Read the Question
This sounds too obvious to mention. But every year some students see a word or phrase in the title and proceed to reel off a prepared answer without considering whether what they are writing actually addresses the question asked. This will be immediately obvious to anyone reading the essay and gain you few marks. Read the question several times to make sure you understand what it is asking.
Analyze the Question
When you have read the question, you should then analyze it. This is vital — many people do not make the distinction between what the question is asking and what the question is about. By breaking down the title into keywords (the issue to be considered) and topic words (the subject matter), you can ensure that you actually answer the question rather than provide a simple narrative of events.
These are fairly straightforward examples, but you will come across titles that are much more difficult to analyze so get into the habit of doing it now. Once you have analyzed the question, you are ready to write your plan.
Planning
This is without doubt the most vital part of write an essay. It is your plan that determines what approach you take to answer the question. If you have written your plan properly, you will know exactly what your answer is going to be — this is not something that should be decided while you are writing your essay! More importantly, your plan will ensure that you actually answer the question. Everything you write must be related to the question, and without a plan, it is all too easy to lose focus and write irrelevant nonsense. Not answering the question is the most common failing in A-level essays, and there is nothing a teacher likes doing more than crossing out huge chunks of a write an essay with the word `irrelevant’! Write a good plan and this won’t happen to you.
Introductions
Once you have made your plan, you are ready to begin. How do you start writing an essay? Unfortunately, there is no hard and fast rule — it will depend very much on each individual title. However, one thing is certain: your introduction must make a good impression. It is the first thing anyone will read: if it fails to grip, the rest of the essay will have to be very good to retrieve the situation. Ideally, your introduction should sparkle, leaving the impression `Wow, this girl knows what she’s talking about: I want to read more’. At the very least it must be competent. Preferably, it should also be short — if your introduction lasts much more than a third of a page, you have missed the point. So, faced with a blank piece of paper, what do you actually write?
The Middle
The main body of the essay is where you prove your case. Once you have planned your essay, this section will almost write itself. It is just a question of filling in the gaps. You will know what paragraphs you are going to write and what information you are going to use. However, remember that you are making an argument, not narrating a story. You have already identified the keywords in the question — now is the time to use them. Every paragraph must refer in some way to the keywords or it will be irrelevant. Be ruthless — you will have far more information than you need and must select carefully only that which you need to support your argument.

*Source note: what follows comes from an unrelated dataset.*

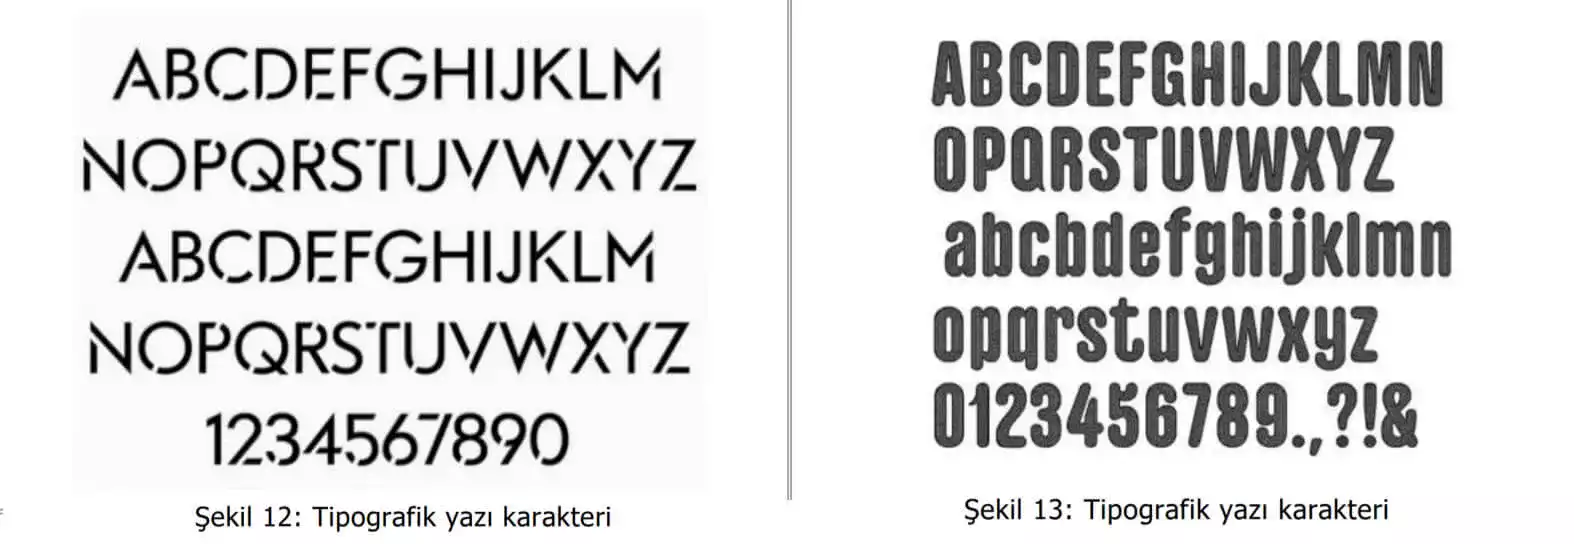 tipografik yazı karakter örnekleri-bursa marka tescil

However, you must equally avoid an essay consisting only of argument — you must not make unsubstantiated claims. For everything you say you must have a supporting fact or example — otherwise, your essay will be just so much hot air. This balance between analysis and supporting detail is what makes up the skill of essay writing, and takes time to learn. Once you have done so, success will be yours
Quotes
After all your efforts in making notes, you will naturally want to use some of them in your essay — that is why you made them. However, you must be very careful about how you use quotes. They can only be used in a discussion of various historians’ points of view, i.e. `Wilkinson says…. but Shennan says…’, or to sum up an argument you have already proved. What they absolutely 100% can never be used for is to prove a point. The most common use of quotes is `Wilkinson says that with no further information. This does not prove your point. A quote from a historian, however well respected, is not proof. Saying that Wilkinson has said something does not prove that what he has said is true. If you are going to use a quote you must support it with relevant facts or examples, just as if it was your own words, or you will gain no marks for your carefully memorized notes.
Conclusions
The conclusion is where you sum up what you have said in your essay. It is absolutely vital — never fail to write one. This is the last thing an examiner reads and counts for a great deal: a good conclusion can rescue an indifferent essay and set the seal on a good one. It is here that you draw together the threads of your argument and hammer home your points, leaving the reader in no doubt as to your answer. You should refer explicitly to the keywords of the question and reinforce the points you made in the main body. Above all it should contain nothing new — it is simply a restatement of your argument. If there is anything you have not already said it is too late now!